Histone Deacetylase 4 as a Potential Biomarker for Post-Stroke Cognitive Impairment

Abstract

Histon deacetylase 4 (HDAC4) modulates memory and cognitive impairment, but its association with post-stroke cognitive impairment (PSCI) is unclear. This study aimed to investigate the potential of HDAC4 for predicting PSCI risk. Sixty-nine PSCI patients and 70 control post-stroke (CPS) patients were enrolled in this case-control study. In all stroke patients, HDAC4 in peripheral blood mononuclear cells was detected by quantitative polymerase chain reaction; T-helper 17 (Th17) cells were detected by flow cytometry, and interleukin-17A was detected by enzyme-linked immunosorbent assay. HDAC4 was reduced in PSCI patients compared with CPS patients (P = 0.001). In total stroke patients, HDAC4 showed negative linkages with age (P = 0.003), history of diabetes (P = 0.012), stroke recurrence (P = 0.001), Th17 cells (P = 0.027), and interleukin-17A (P = 0.002). Additionally, multivariate logistic regression analysis revealed that HDAC4 (per unit) [odds ratio (OR) = 0.438, P = 0.024] was independently associated with a lower PSCI risk, but age (per unit) (OR = 1.061, P = 0.016) and multifocal disease (yes vs. no) (OR = 2.490, P = 0.014) were independently associated with a higher PSCI risk. By receiver operator characteristic curves, HDAC4 had an acceptable value for predicting PSCI risk [area under the curve (AUC) = 0.656, 95% confidence interval = 0.566-0.746]. The combination of HDAC4, age, and multifocal disease showed a good value for predicting PSCI risk (AUC = 0.728, 95% confidence interval = 0.644-0.811). HDAC4 may serve as a potential biomarker for predicting PSCI risk, which could facilitate the early screening and prevention of PSCI, thus promoting the management of stroke.

Introduction

Stroke is a major cause of disability and mortality in human beings. This disease attacks over 12 million cases and induces over 6.5 million deaths annually worldwide (GBD 2019 Stroke Collaborators 2021). The treatments for stroke mainly include thrombolysis or thrombectomy within a certain period of time window for ischemic stroke, as well as blood pressure and blood glucose management plus surgery (if necessary) for hemorrhage stroke (Mendelson and Prabhakaran 2021; Magid-Bernstein et al. 2022). However, patients with stroke may still develop cognitive impairment or even dementia under appropriate treatment (Rost et al. 2022). The occurrence of post-stroke cognitive impairment (PSCI) is associated with neuron cell death, change of synaptic plasticity, inflammatory response, oxidative stress, and dysregulated immune response including high level and infiltration of T-helper 17 (Th17) cells (Mijajlovic et al. 2017; Gottfried et al. 2021; Chi et al. 2023; Goncharov et al. 2024). PSCI may induce sleep disorder, depression, and even physical disability, which also poses a huge burden for caregivers (Lanctot et al. 2020; Stolwyk et al. 2024). Therefore, early prediction of the risk of PSCI is vital for its prevention and intervention.

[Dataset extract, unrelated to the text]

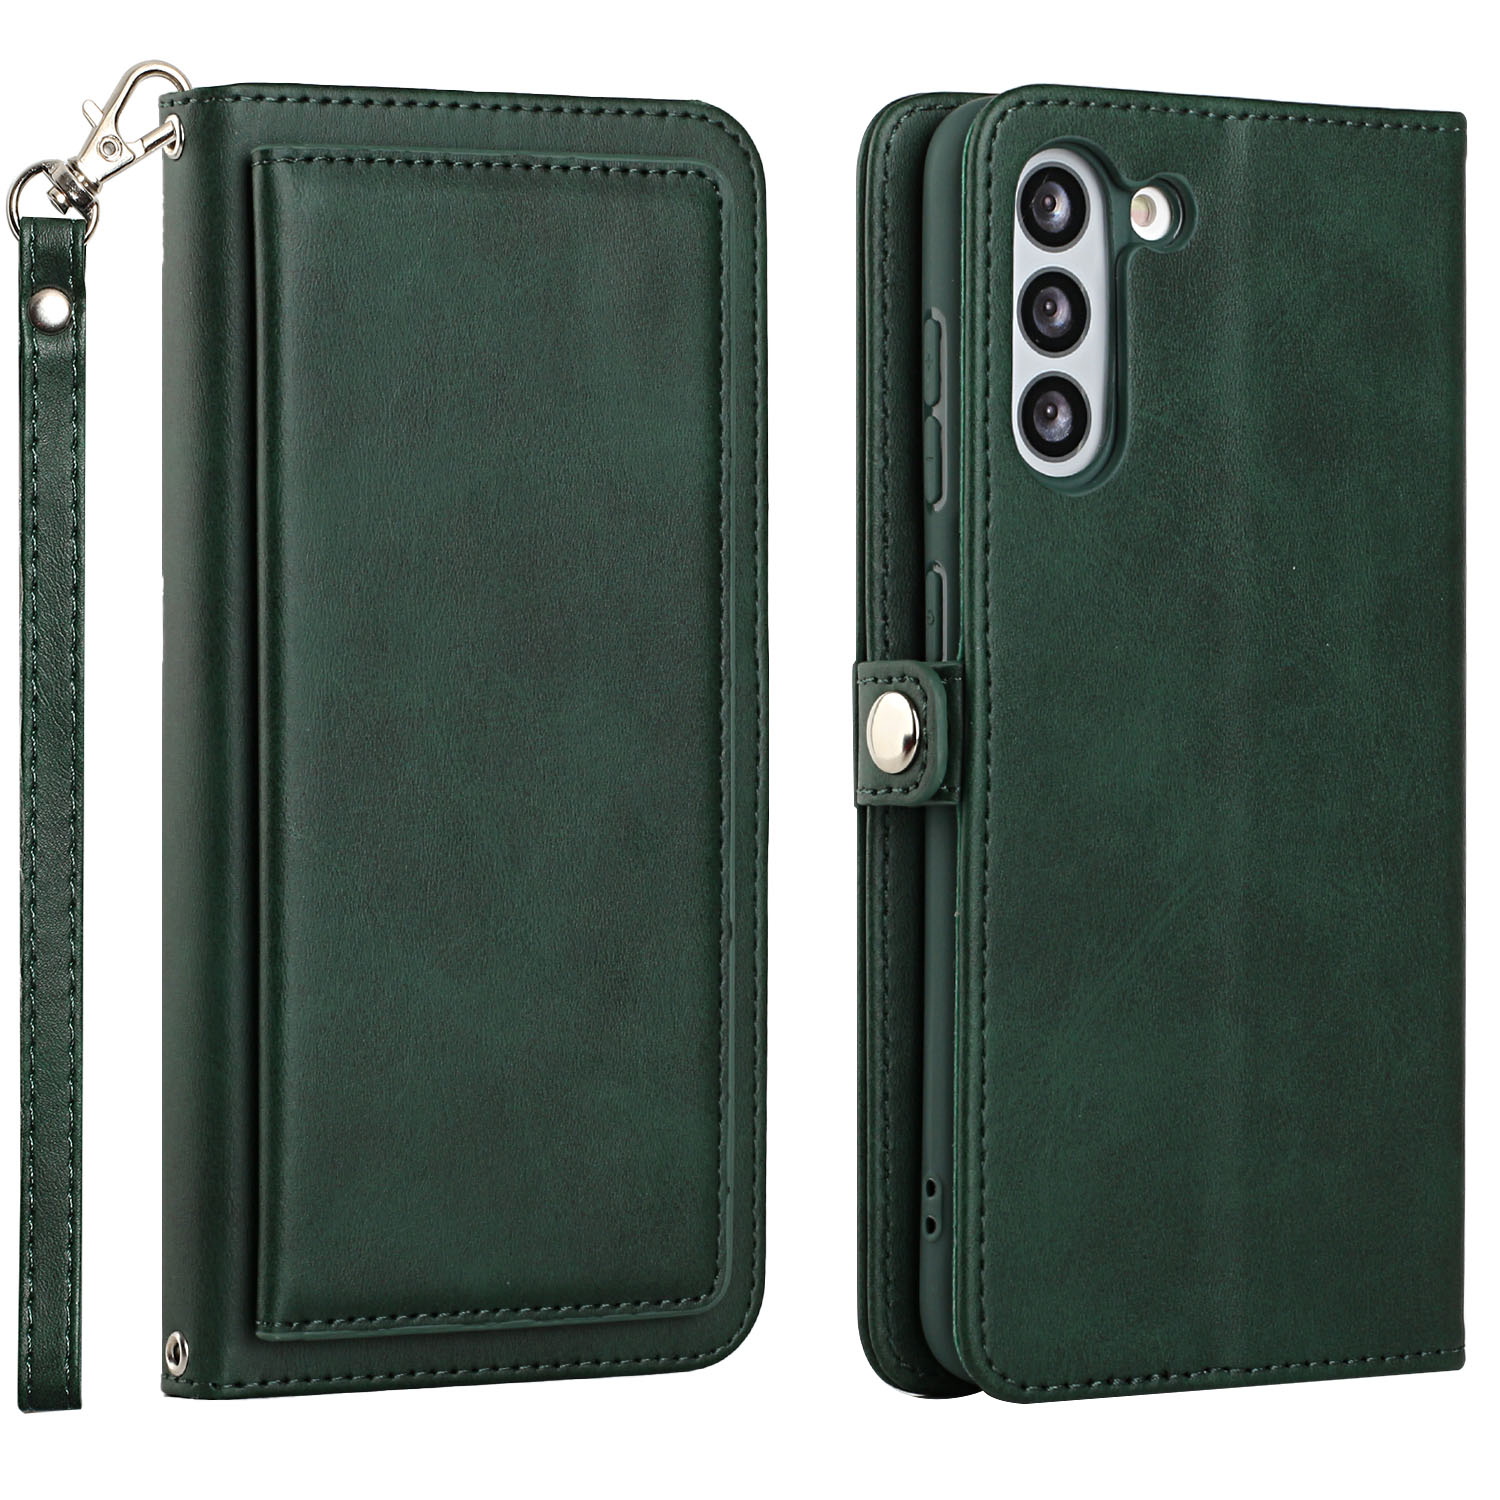 Premium PU Leather Folio WALLET Front Cover Case for Galaxy S21 FE (Green)
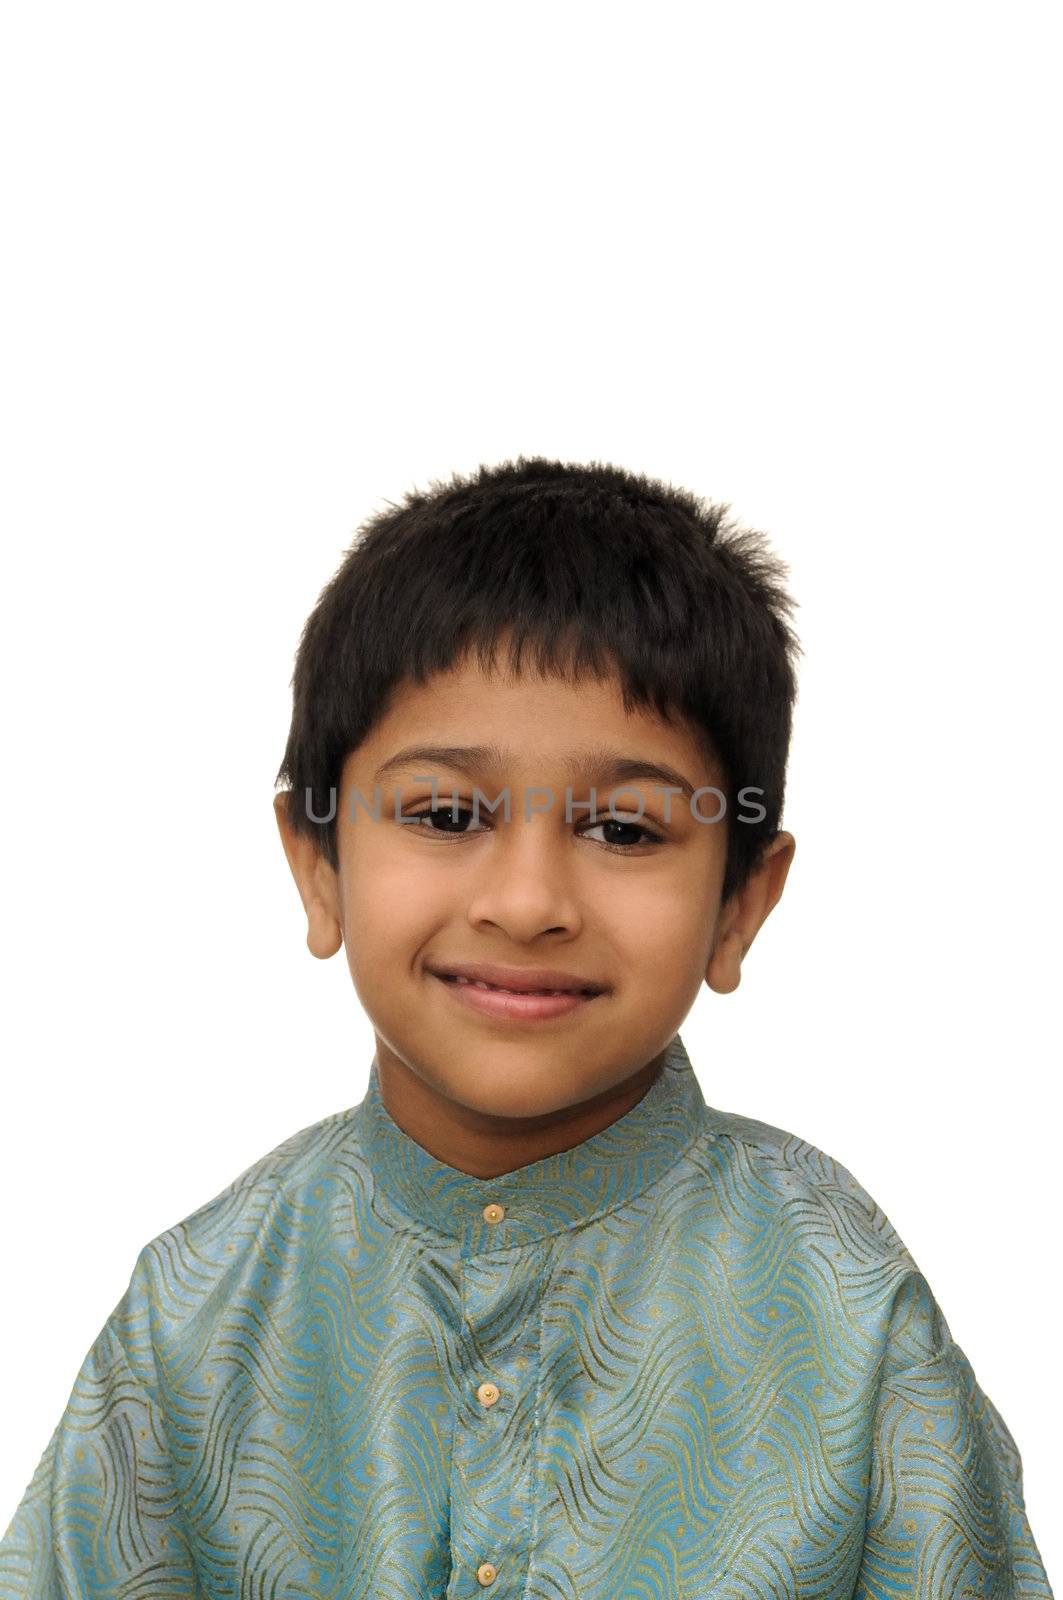 An hanbdsome young Indian child smiling for you

Histone deacetylase 4 (HDAC4) modulates the transcription of genes through regulating histone acetylation. It participates in the pathogenesis of various diseases, including cancers, diabetes mellitus, and cardiovascular diseases (Gong et al. 2019; Jiang et al. 2020; Cuttini et al. 2023). Moreover, it is also reported that HDAC4 could modulate memory and cognitive impairment (Fitzsimons et al. 2013). For instance, a previous study reported that either overexpression or knockdown of HDAC4 in the mushroom body, a vital structure for memory formation, impaired long-term memory in drosophila. This study suggested that a normal level of HDAC4 was required for the maintenance of long-term memory (Fitzsimons et al. 2013). Another study showed that a high level of HDAC4 in the hippocampus induced neuronal apoptosis, thus facilitating cognitive impairment (Xu et al. 2023). Apart from that, HDAC4 could also regulate cognitive impairment through potentially inhibiting Th17 differentiation. Several studies have revealed that HDAC4 was negatively correlated with Th17 proportion and response (Lu et al. 2015; Pei et al. 2018; Dou et al. 2022). Meanwhile, Th17 cells are responsible for neuroinflammation and infiltration of neutrophiles in the brain to cause cognitive impairment (Cipollini et al. 2019). Based on the above evidence, we supposed that HDAC4 might serve as a biomarker for PSCI.

The peripheral blood mononuclear cells (PBMCs), containing lymphocytes and monocytes, have been considered as a valuable and easy-acquired specimen of biomarkers (Alexovic et al. 2024). Various studies have used PMBCs as specimen to evaluate biomarkers in different diseases such as diabetes, stroke, and cancers (Mosallaei et al. 2022). Considering that HDAC4 might regulate cognitive function through Th17, we assume that HDAC4 in PMBCs might act as a potential biomarker for PSCI.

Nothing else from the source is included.